2.3.    Gedeputeerde staten hebben in de "Notitie toepassingsbereik artikel 19, lid 2, van de WRO Structuurplan Arnhem 2010"(hierna: de Notitie) de categorieën van gevallen aangewezen waarin toepassing kan worden gegeven aan artikel 19, tweede lid, als voornoemd. Daartoe behoren, voor zover hier van belang, (3) plannen voor de bouw/verbouw van sport- en recreatieve voorzieningen als gevolg waarvan de vloeroppervlakte aan voorzieningen met niet meer dan 3000 m2 toeneemt, met inbegrip van de daarbij behorende bijgebouwen en andere bouwwerken, en (7) de aanleg/ wijziging van infrastructuur verband houdende met verkeer, groen en water die al dan niet samenhangt met de plannen als bedoeld onder 1 tot en met 5.

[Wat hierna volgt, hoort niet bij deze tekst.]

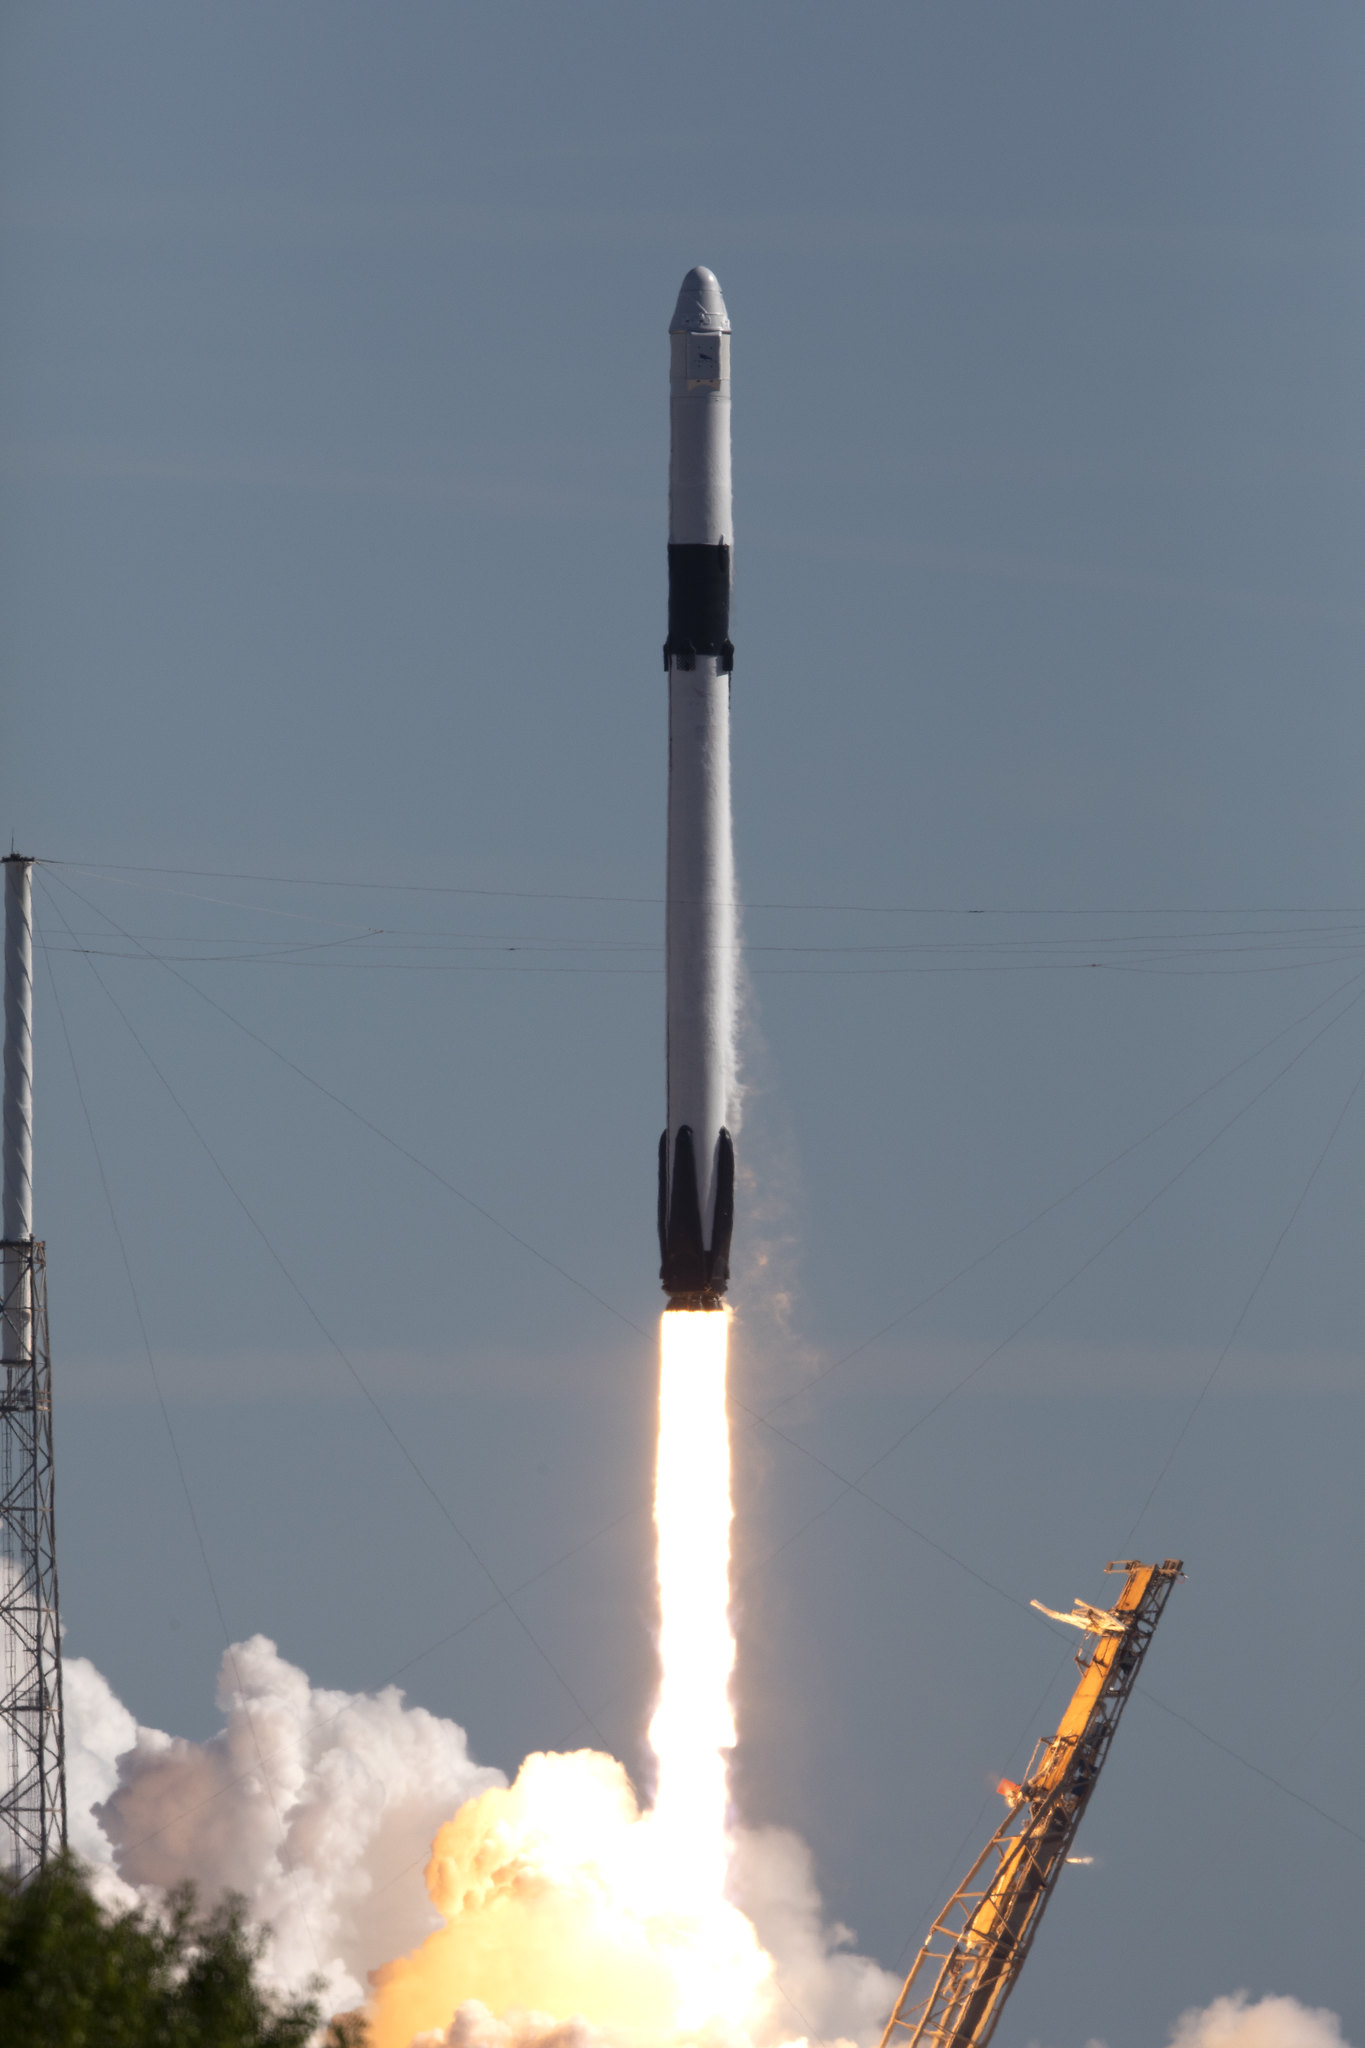 A two-stage SpaceX Falcon 9 launch vehicle lifts off from Space Launch Complex 40 at Cape Canaveral Air Force Station in Florida

Appellant sub 1 komt op tegen het oordeel van de rechtbank dat hij niet kan worden gevolgd in zijn betoog dat het college ten onrechte toepassing heeft gegeven aan het tweede lid van artikel 19 WRO. Daartoe voert hij aan dat het project naast de verbouw van sportvoorzieningen als bedoeld onder 3 van de Notitie mede ziet op een terreinverharding en het aanbrengen van een geluidsscherm, hetgeen moet worden beschouwd als de aanleg/wijziging van infrastructuur verband houdende met verkeer als bedoeld onder 7 van de Notitie. Deze combinatie van gevallen verdraagt zich niet met de spelregel in de Notitie dat de situaties 1 tot en met 6 in combinatie kunnen voorkomen, aldus appellant sub 1.
Dit betoog faalt. Zo de bouw van een geluidscherm, waarvoor overigens een afzonderlijke vrijstellingsprocedure wordt gevoerd, en de terreinverharding al kunnen worden aangemerkt als de aanleg/wijziging van infrastructuur als bedoeld in situatie 7 van de Notitie, mag dit blijkens de omschrijving daarvan gepaard gaan met samenhangende plannen als bedoeld onder 3. Het college was derhalve bevoegd voor het project met toepassing van artikel 19, tweede lid, van de WRO vrijstelling te verlenen.
2.4.    Appellanten betogen voorts dat de rechtbank ten onrechte heeft geoordeeld dat niet is gebleken dat het college de ruimtelijke onderbouwing niet in redelijkheid aan de vrijstelling ten grondslag had mogen leggen.
2.4.1.    Daartoe voert appellant sub 1 aan dat in de ruimtelijke onderbouwing niet is aangegeven hoe het project zich verhoudt tot het gemeentelijk beleid in de toelichting van het bestemmingsplan, die inhoudt dat er geen mogelijkheid is voor nieuwe bebouwing ten behoeve van welke vorm van bedrijvigheid dan ook en uitbreiding van de bestaande situatie zeer kritisch zal worden bekeken.
De Afdeling kan dit betoog niet volgen. Zoals de rechtbank terecht heeft overwogen is de planwetgever blijkens de toelichting van het bestemmingsplan reeds uitgegaan van de mogelijkheid van uitbreiding van de sportschool. In zoverre kon in de ruimtelijke onderbouwing dan ook worden volstaan met een verwijzing naar dat plan.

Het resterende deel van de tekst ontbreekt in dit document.